:: PROBLEM DESCRIPTION ::
From the records below, output exactly the lines starting at the line with "Tochter Bruchrechnen beibringen" and ending at the line with "L'entreprise Uber s'est", both of them included, but no pictures.

:: ENTRIES SUPPLIED ::
•••••
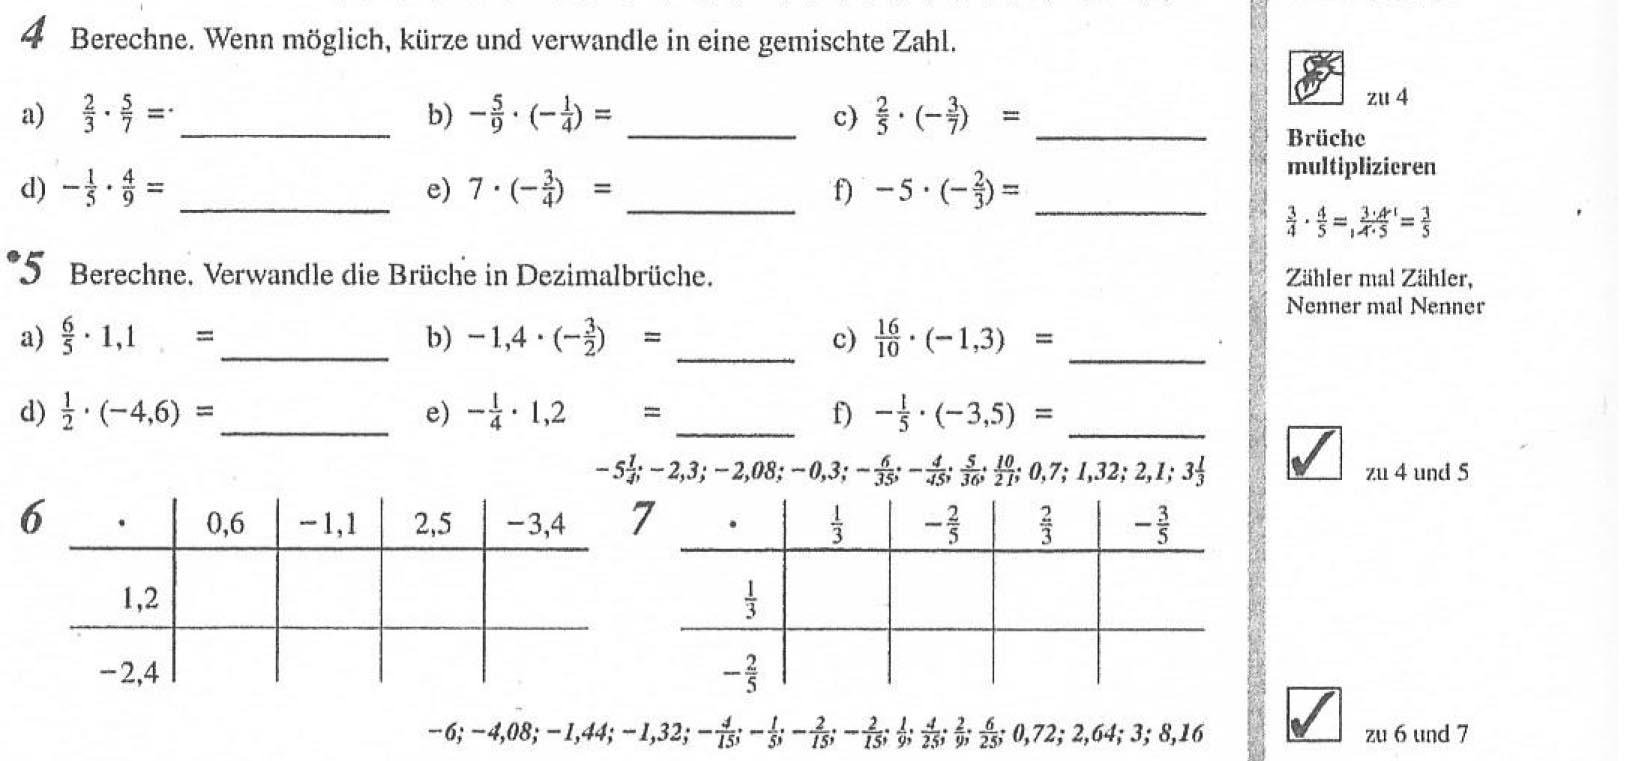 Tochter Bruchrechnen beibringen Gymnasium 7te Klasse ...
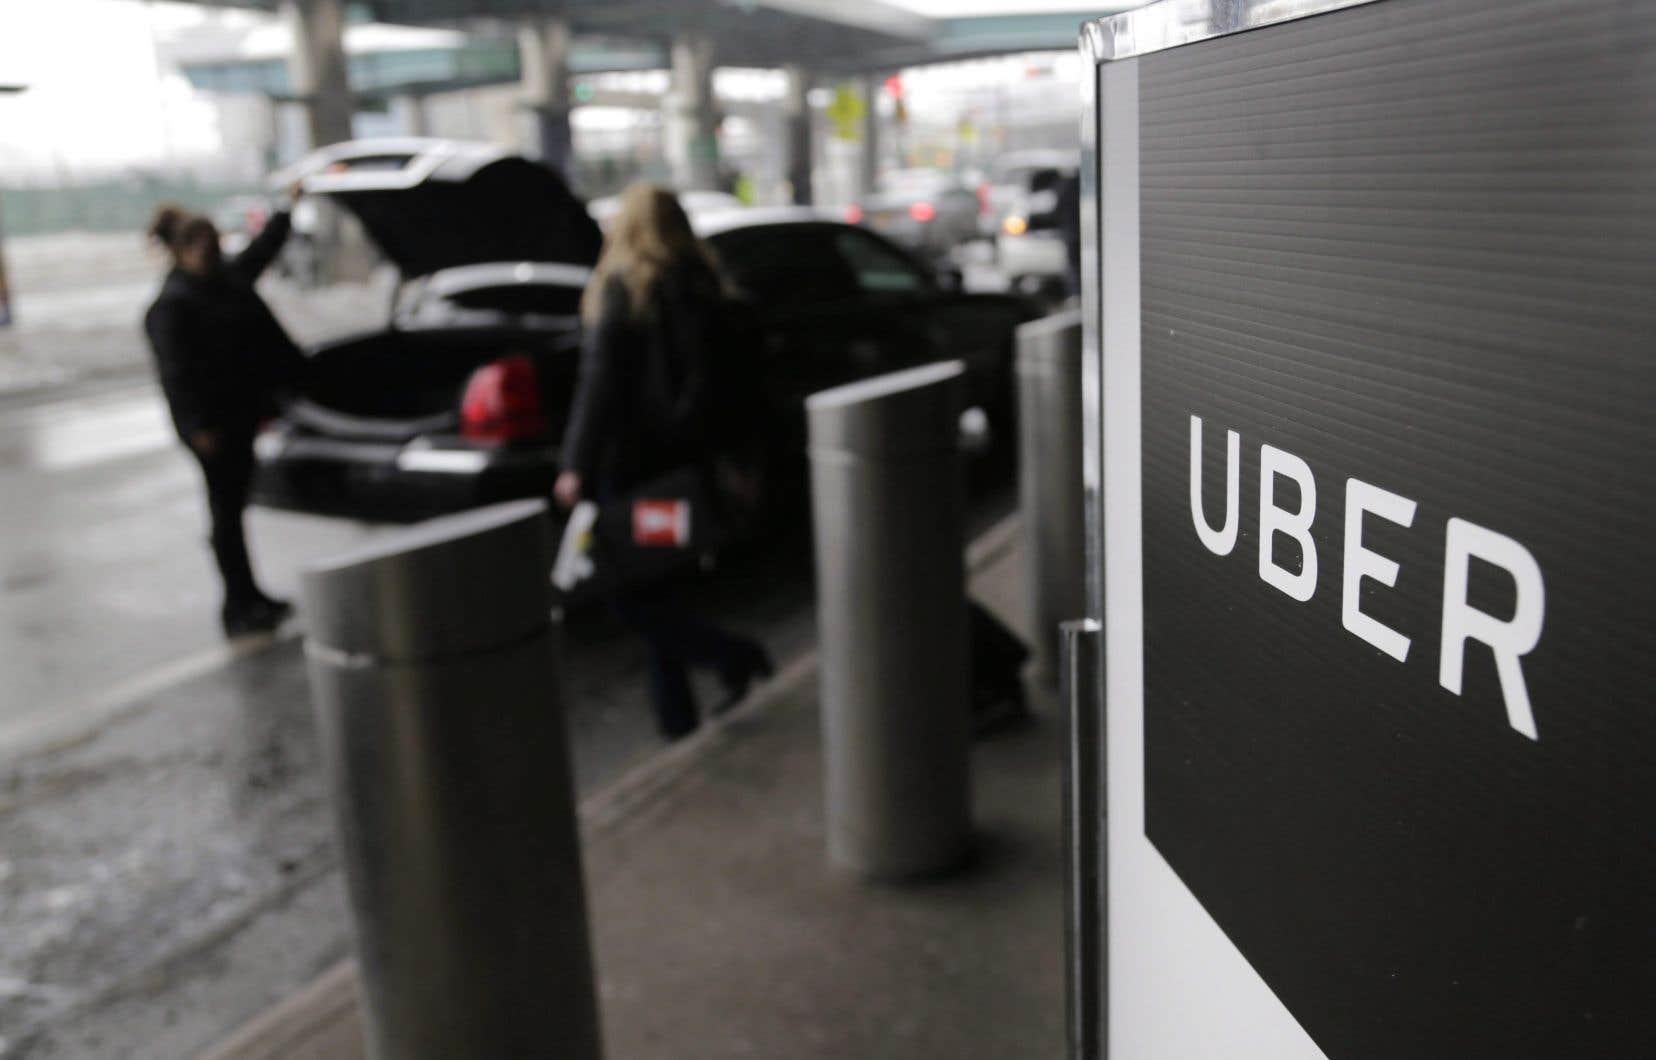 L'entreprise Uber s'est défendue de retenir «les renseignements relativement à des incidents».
•••••
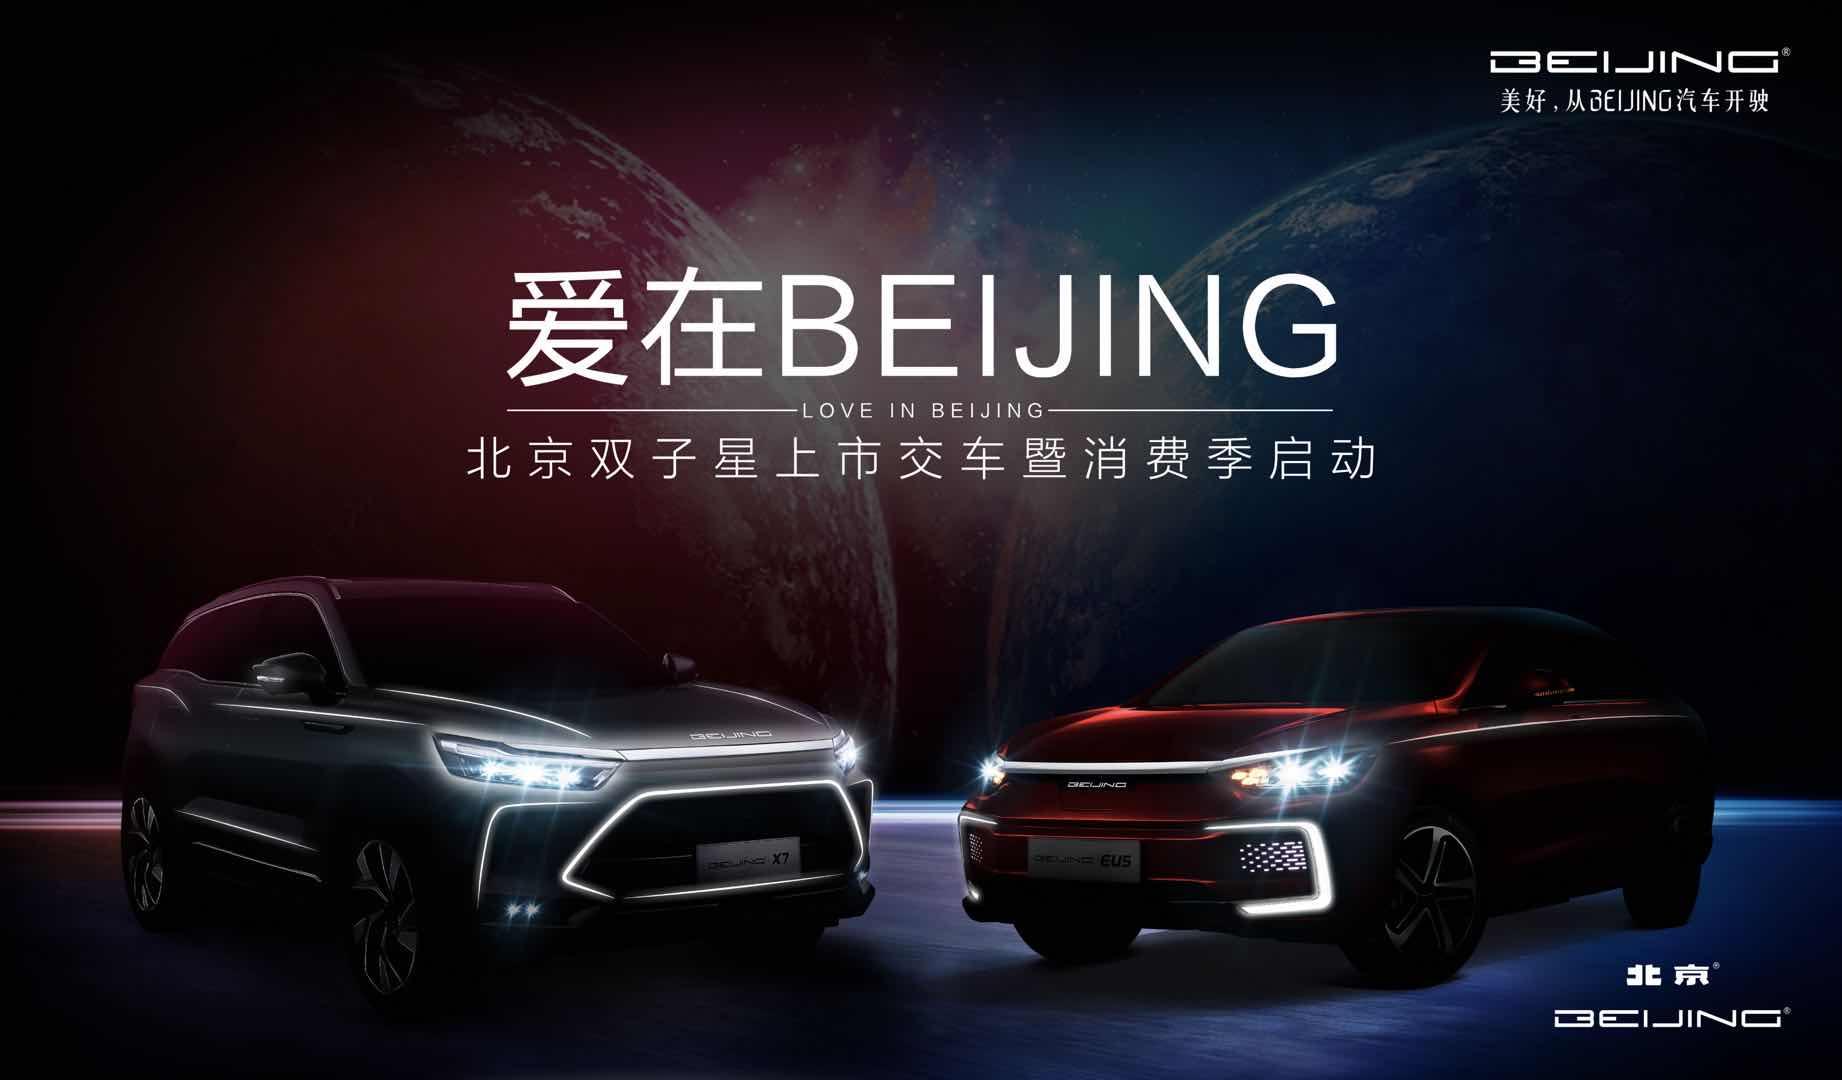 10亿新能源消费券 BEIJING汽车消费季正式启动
•••••
:: SOLUTION BELOW ::
 Tochter Bruchrechnen beibringen Gymnasium 7te Klasse ...
 L'entreprise Uber s'est défendue de retenir «les renseignements relativement à des incidents».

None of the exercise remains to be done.